#### Work item
Find the line with "Grimm Fairy Tales" in the entries below, then output every line from it down to the line with "A 'fixie' bike", exactly and with no pictures.

::: Listed entries

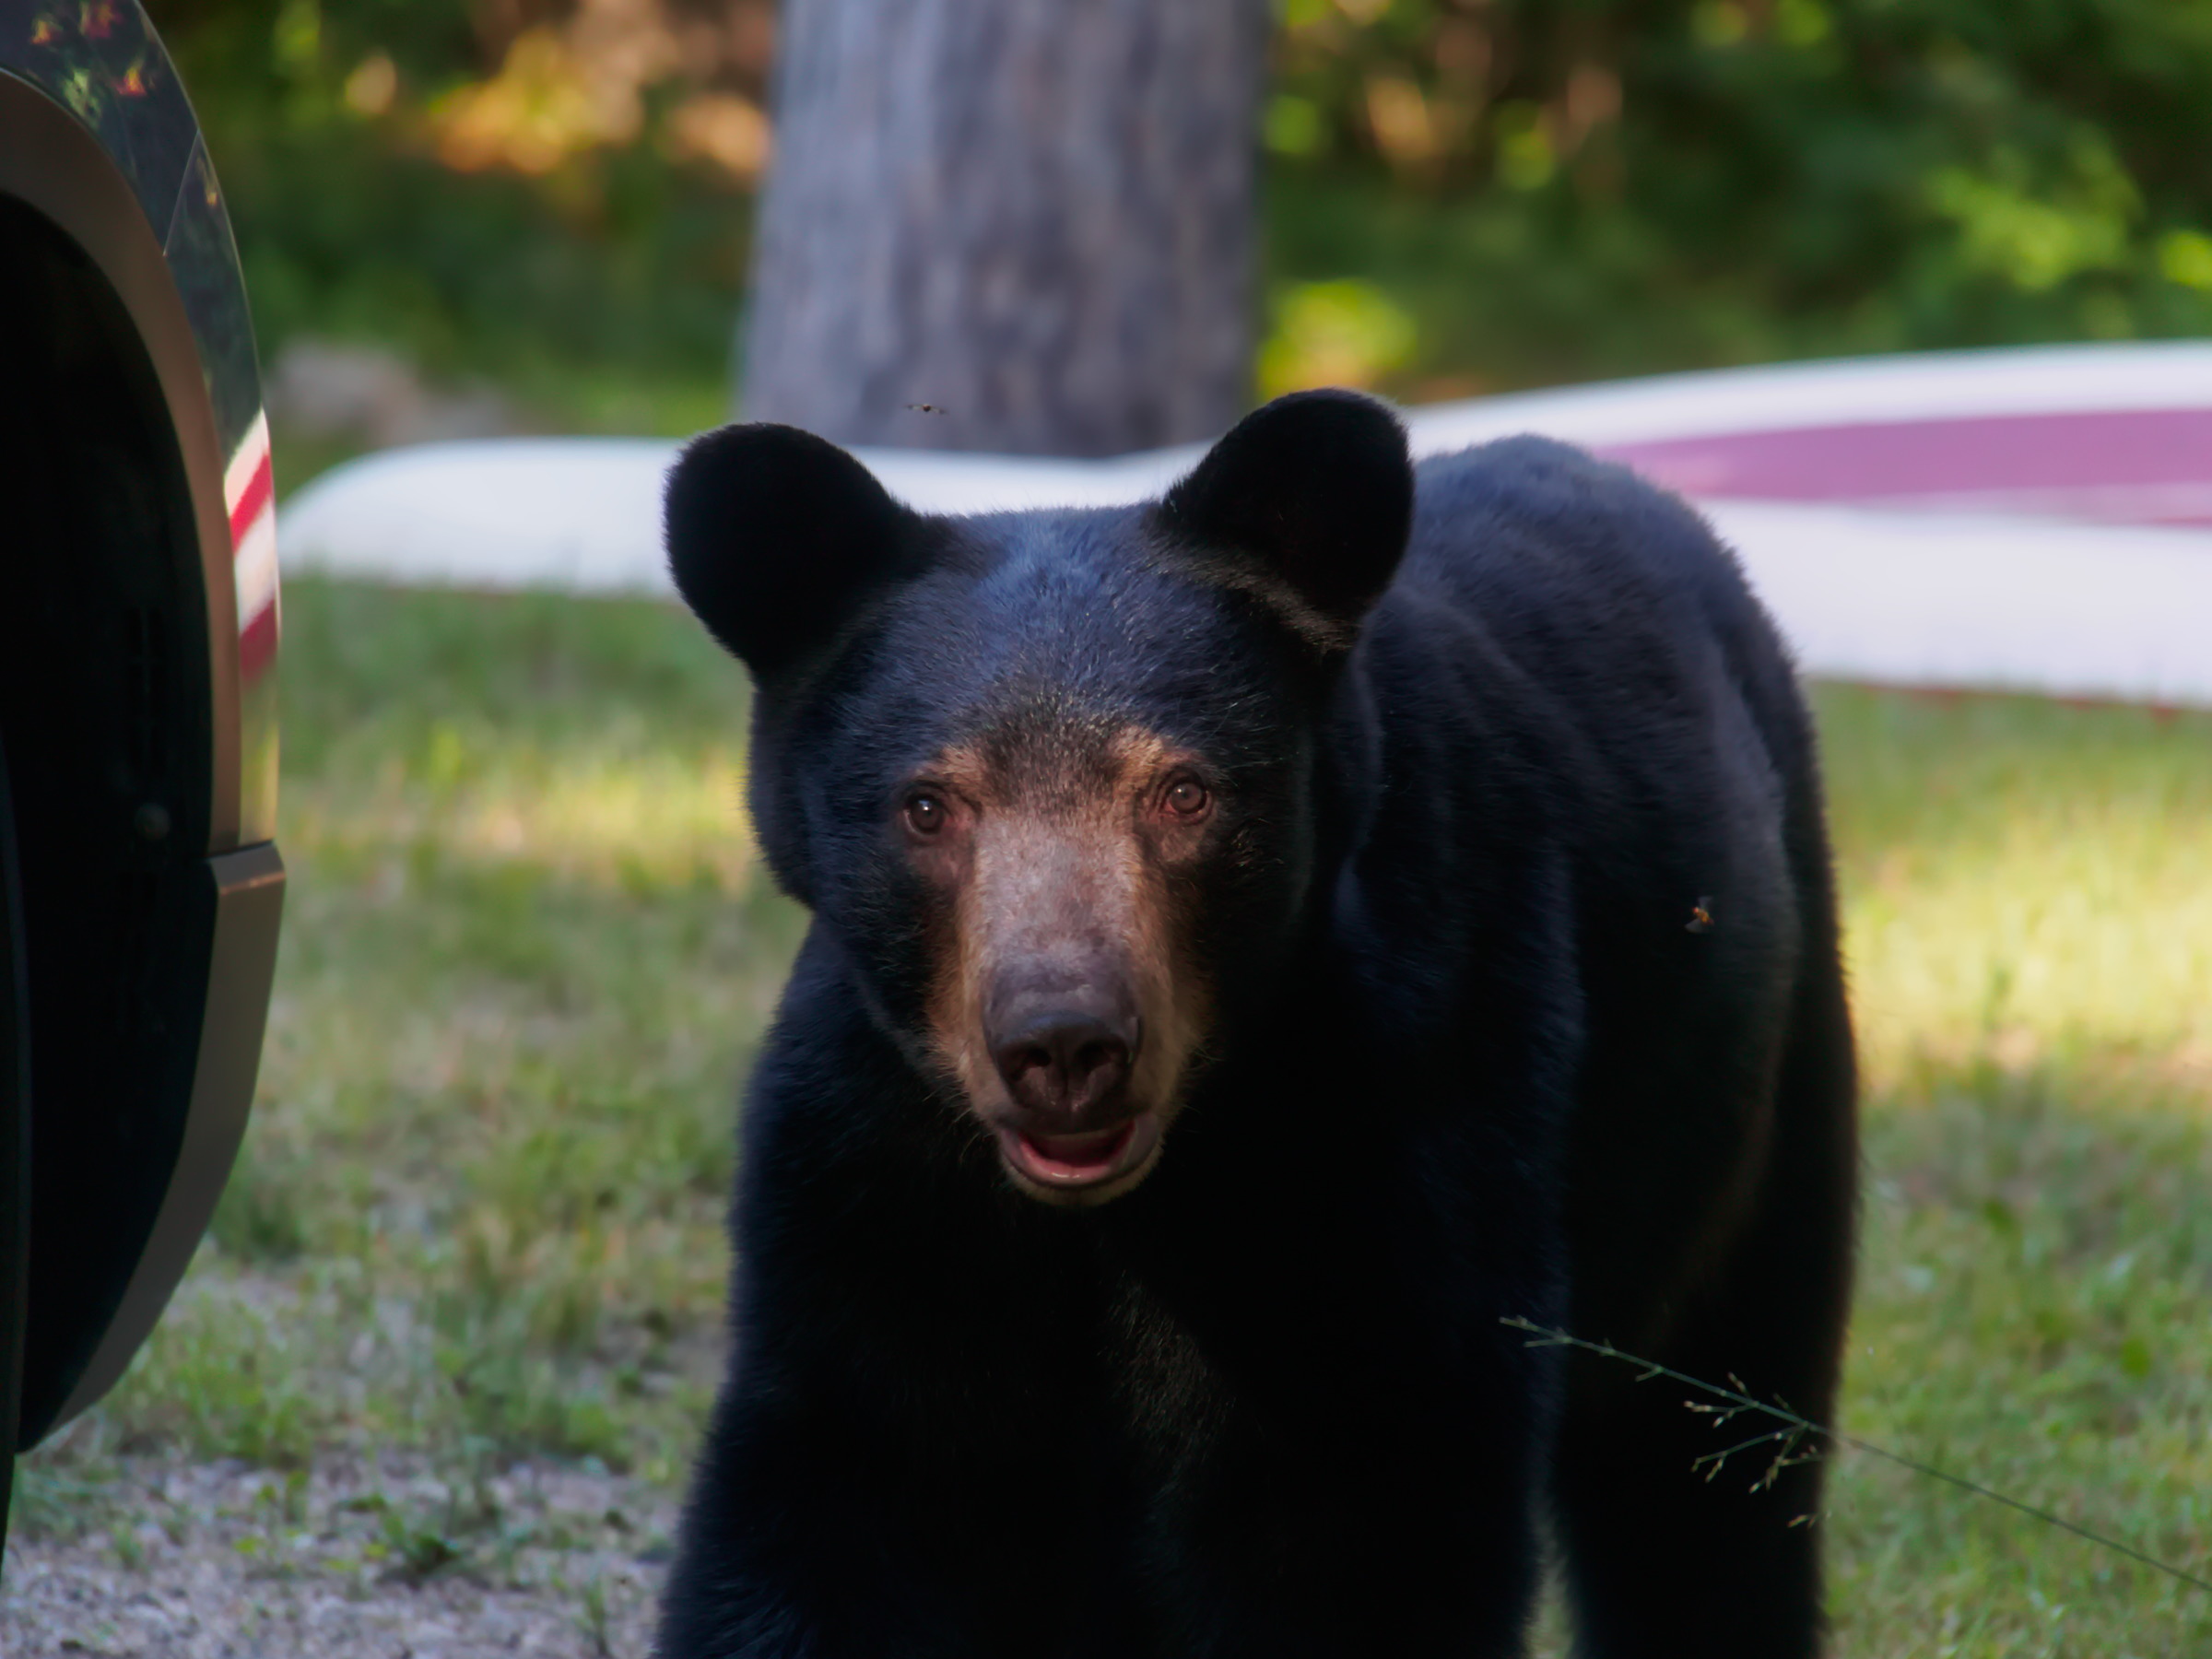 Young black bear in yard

::::::
::: Listed entries

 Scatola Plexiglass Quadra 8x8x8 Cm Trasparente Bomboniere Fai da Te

::::::
::: Listed entries

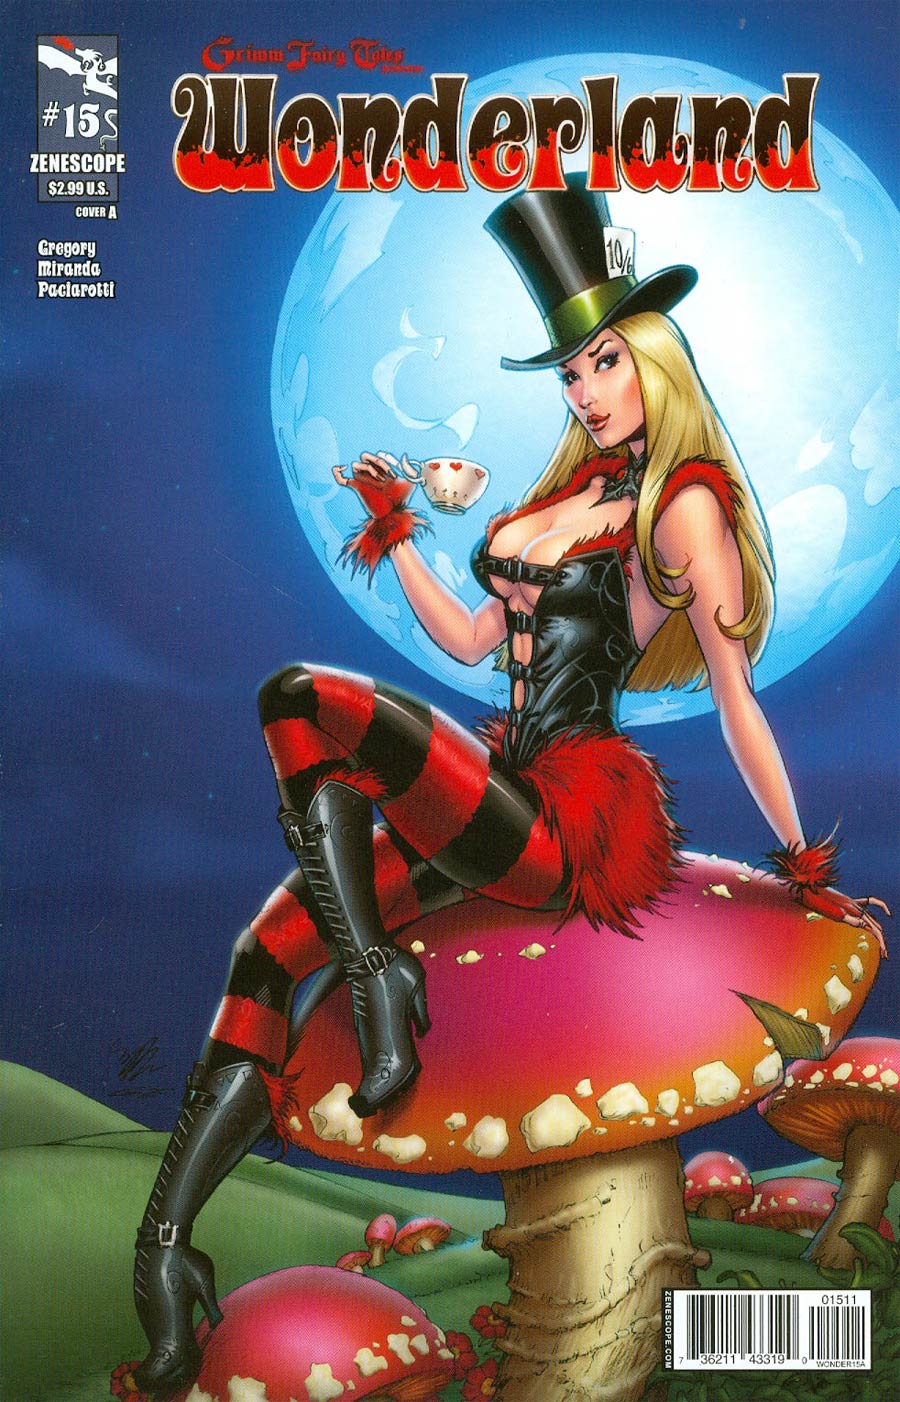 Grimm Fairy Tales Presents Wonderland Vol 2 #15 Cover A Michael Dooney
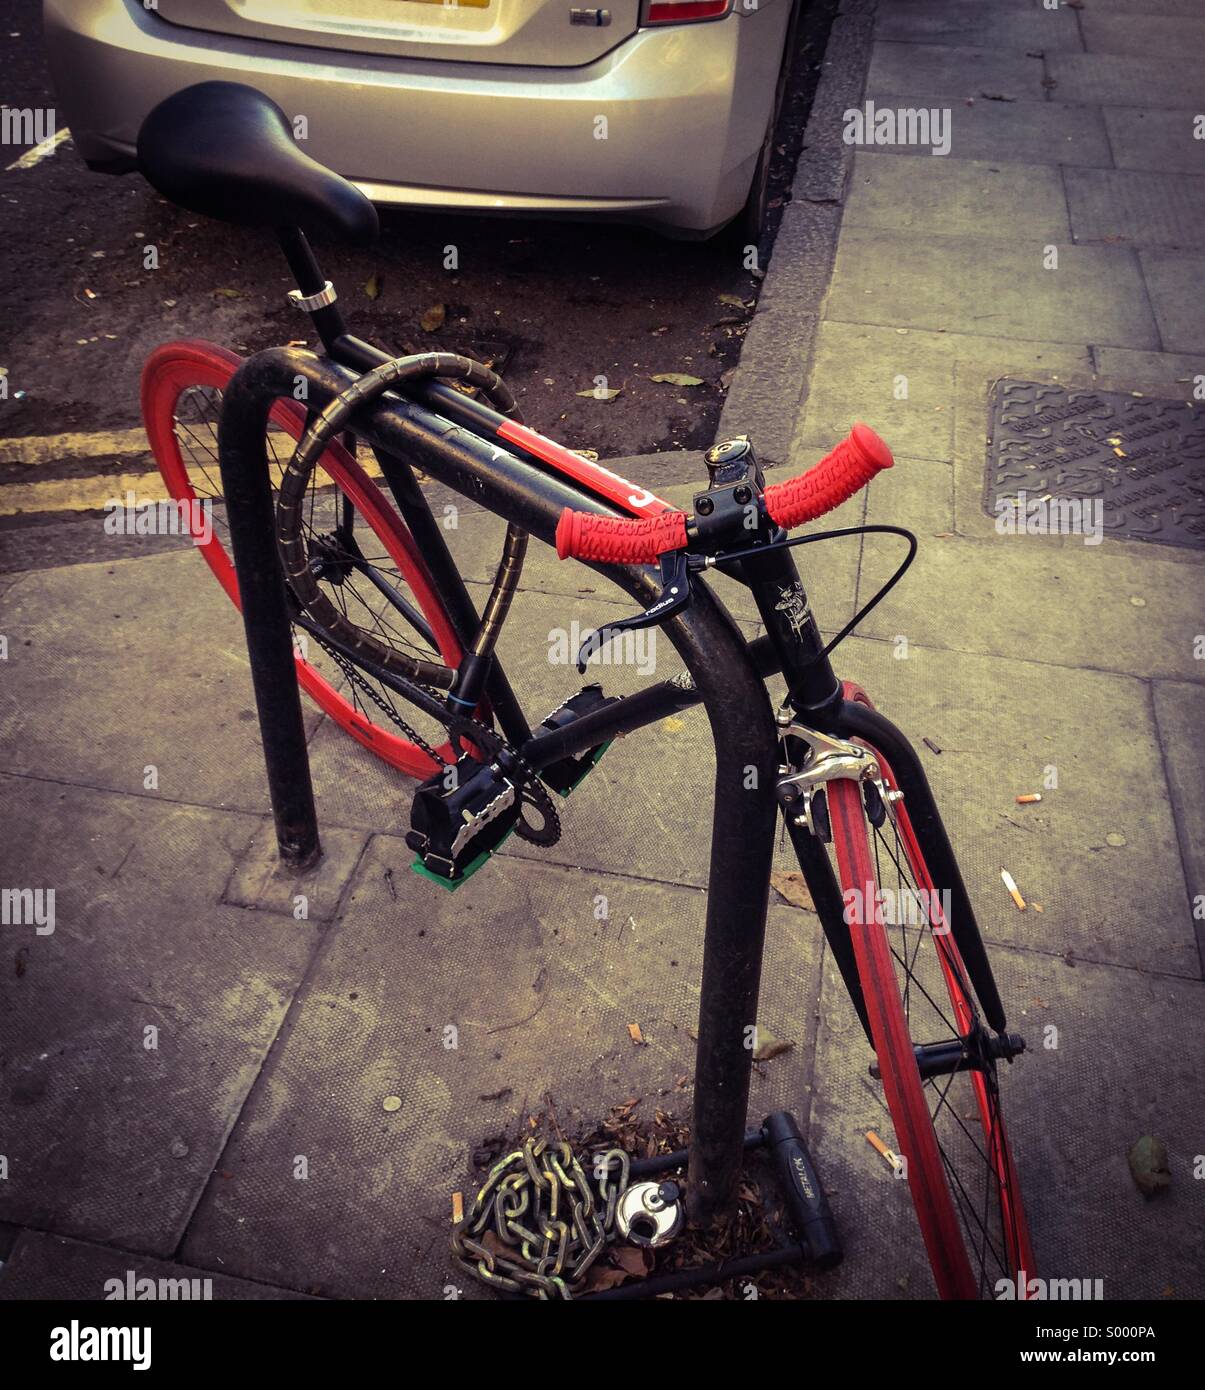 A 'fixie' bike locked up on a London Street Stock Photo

::::::

#### Response
 Grimm Fairy Tales Presents Wonderland Vol 2 #15 Cover A Michael Dooney
 A 'fixie' bike locked up on a London Street Stock Photo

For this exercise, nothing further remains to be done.